Questions to OmniSci Team

  1. No progress information available in INFO logs available between “2020-03-08T12:42:01.217941 I 422998 Calcite.cpp:504 Time in Thrift 1 (ms), Time in Java Calcite server 32 (ms)" and “2020-03-08T12:47:04.128277 I 422998 FileMgr.cpp:204 Completed Reading table’s file metadata, Elapsed time : 302904ms Epoch: 424416 files read: 6011 table location: '/opt/data/data/mapd_data/table_2_34”. This is more than 5 minutes duration and not good for any administrator to be clueless about the progress on query.
  2. Why Data was not loading in memory for “select count(*) from X or select count(column1) from X”. Is it correct ?
  3. When Data loading was in progress for Table X, that time “select count(*) from Y” took more than 150 minutes and during this time I was not able to get a output of any query. This was system outage.
  4. How fragmented table can create this big issue and force for X hours of service outage.
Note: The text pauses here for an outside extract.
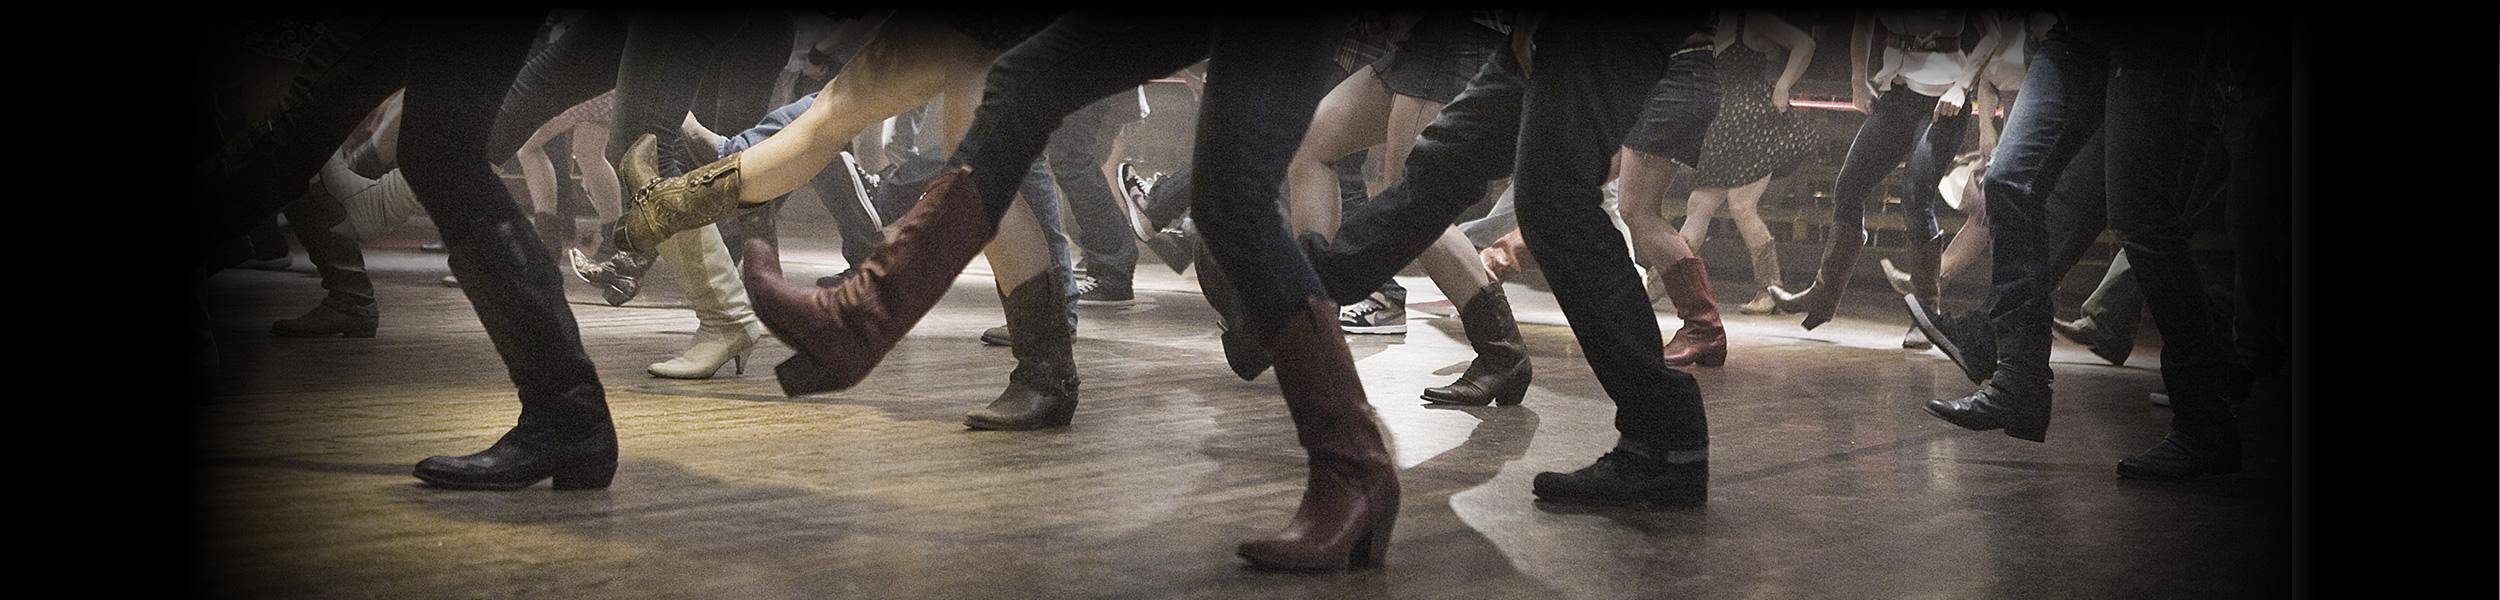 The Stockyard - Line Dance Lessons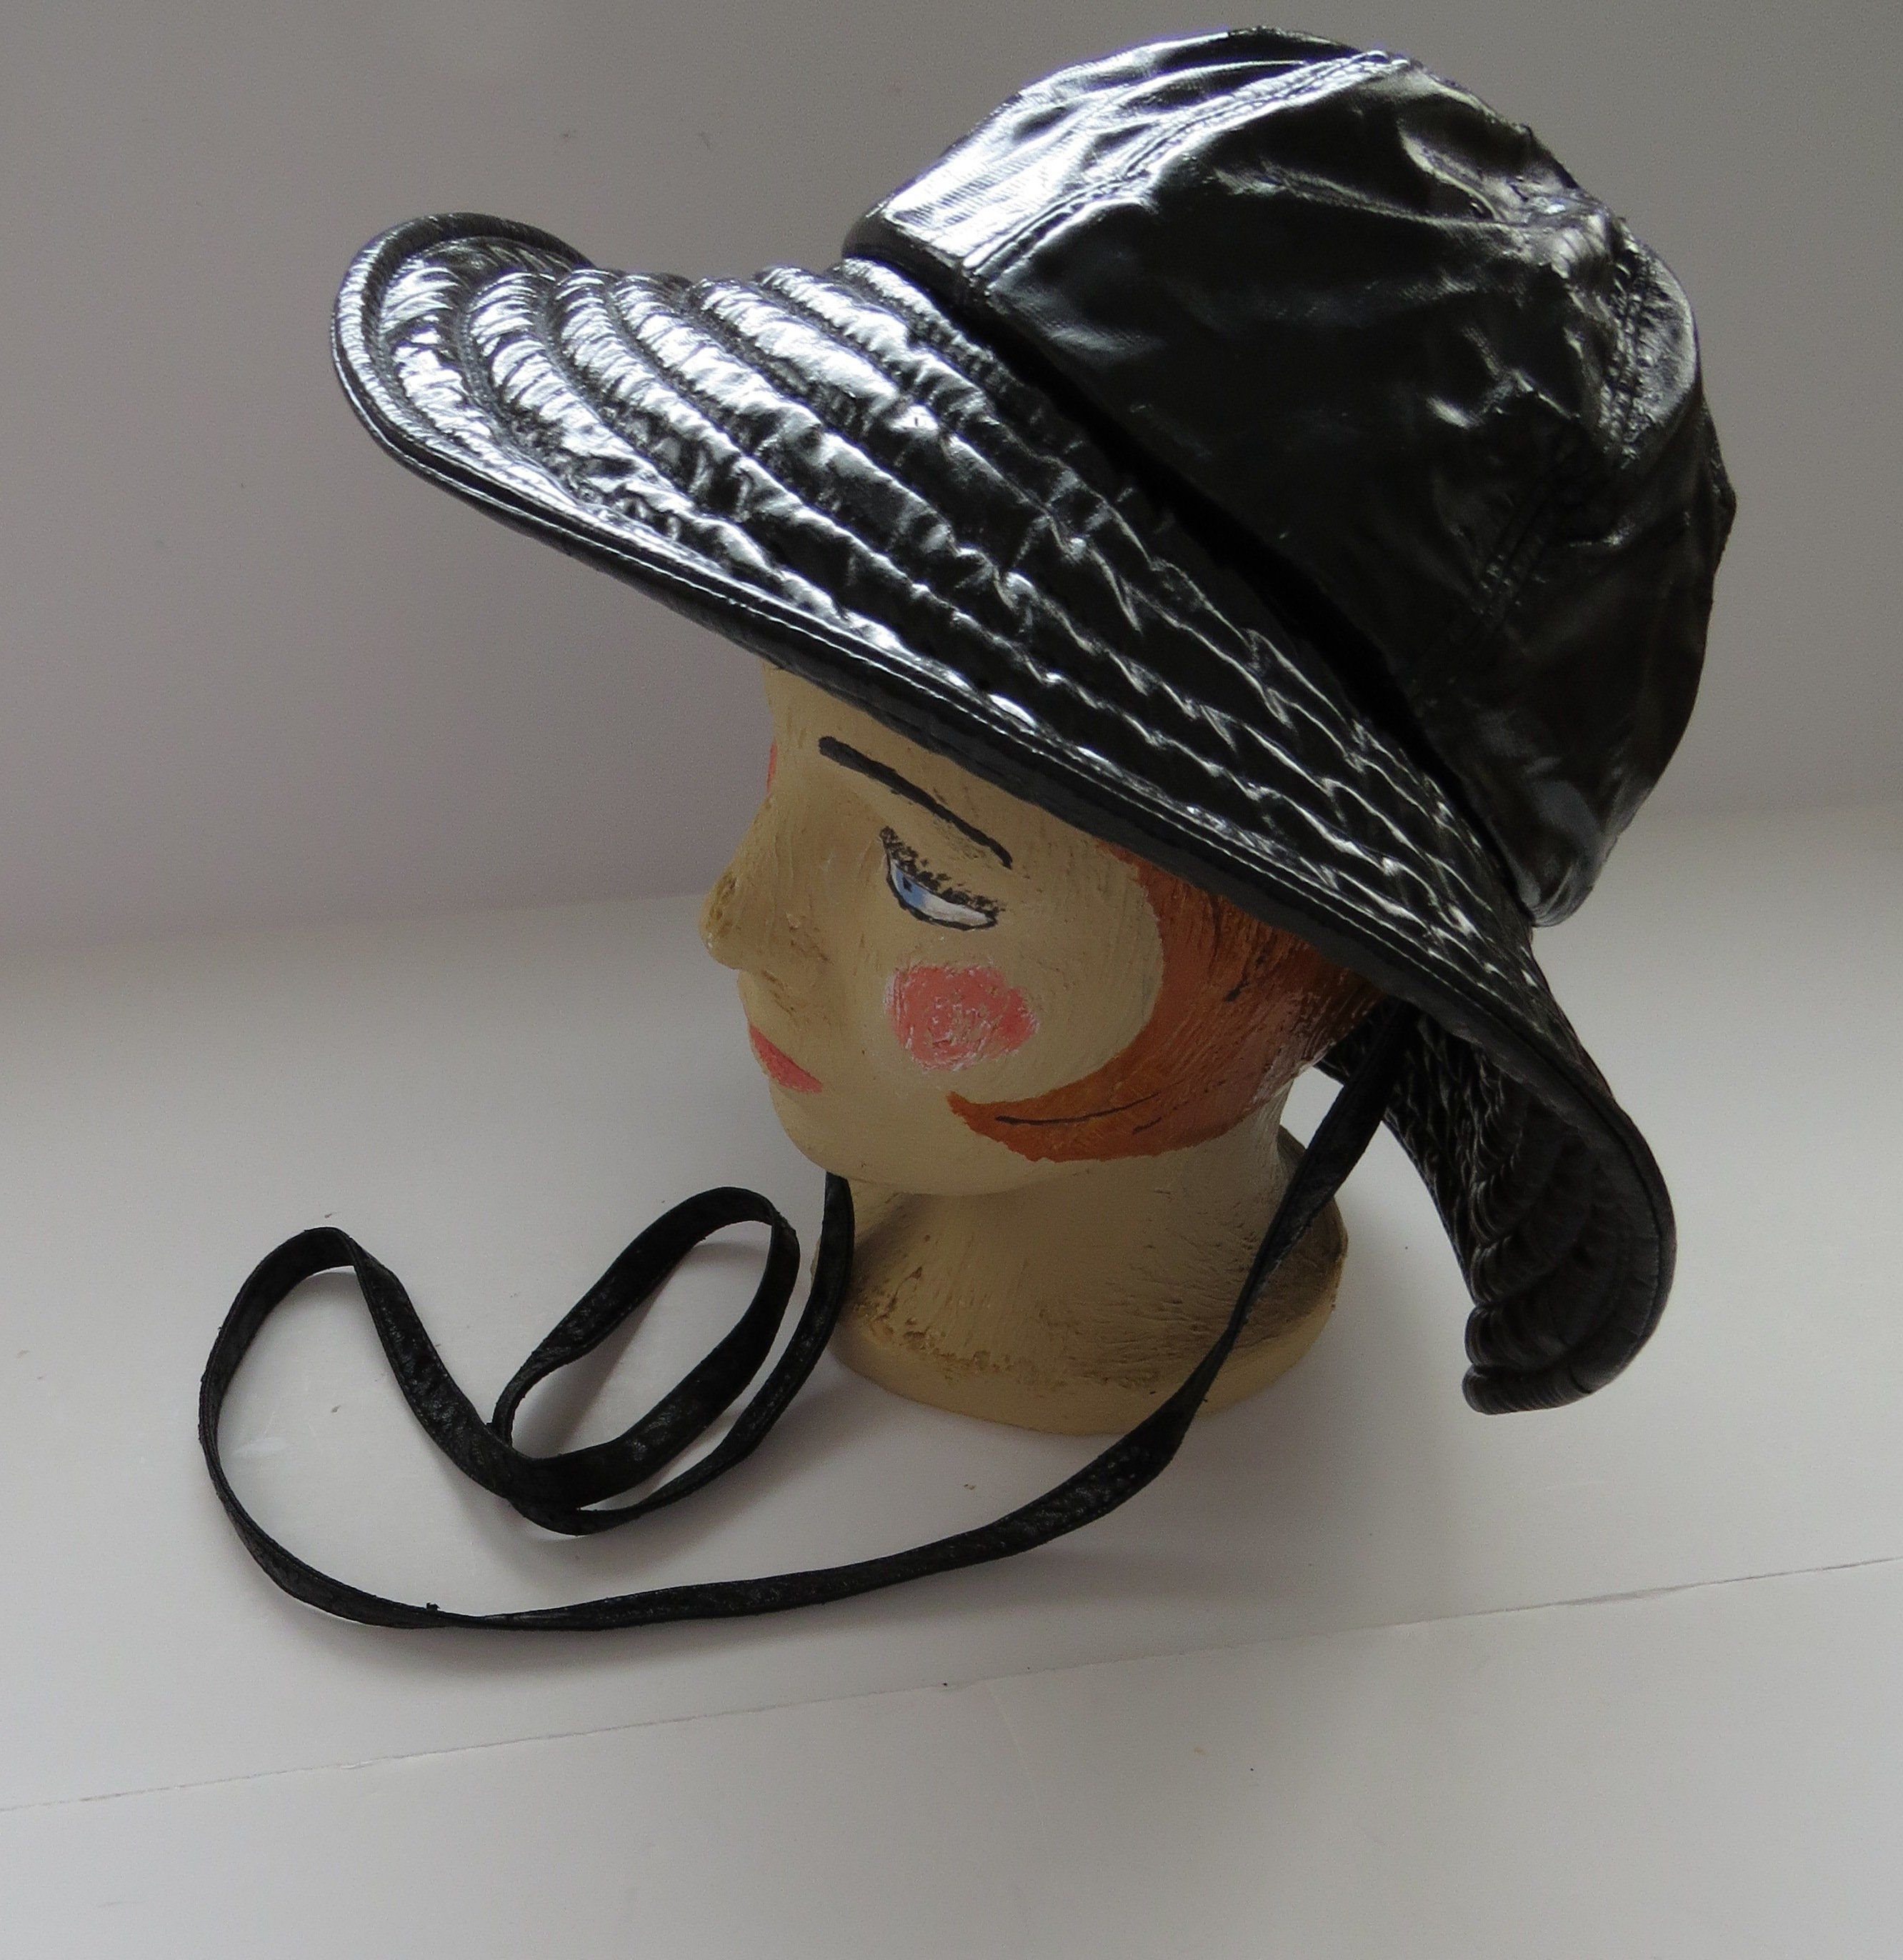 cd39de4afce140 1970s Black Vinyl Rain Hat by Totes - Retro Mod - Chic Stylish Rain Gear -  Wide Brim Bucket Hat - Vintage Womens Fashion Accessories

What is method available to avoid such scenarios.
  5. System output was 4000 IOPS and reading was 125MB/sec, then how reading took more than 150 minutes. With this speed we can read more than 200GB data also in less than 30 minutes.

waiting for expert advise

@Sumit, please see above. Both myself and @Venkat_Krishnamurthy believe that metadata could be the issue you are seeing, but without knowing the insert pattern you are doing, it’s hard for us to provide any other advice.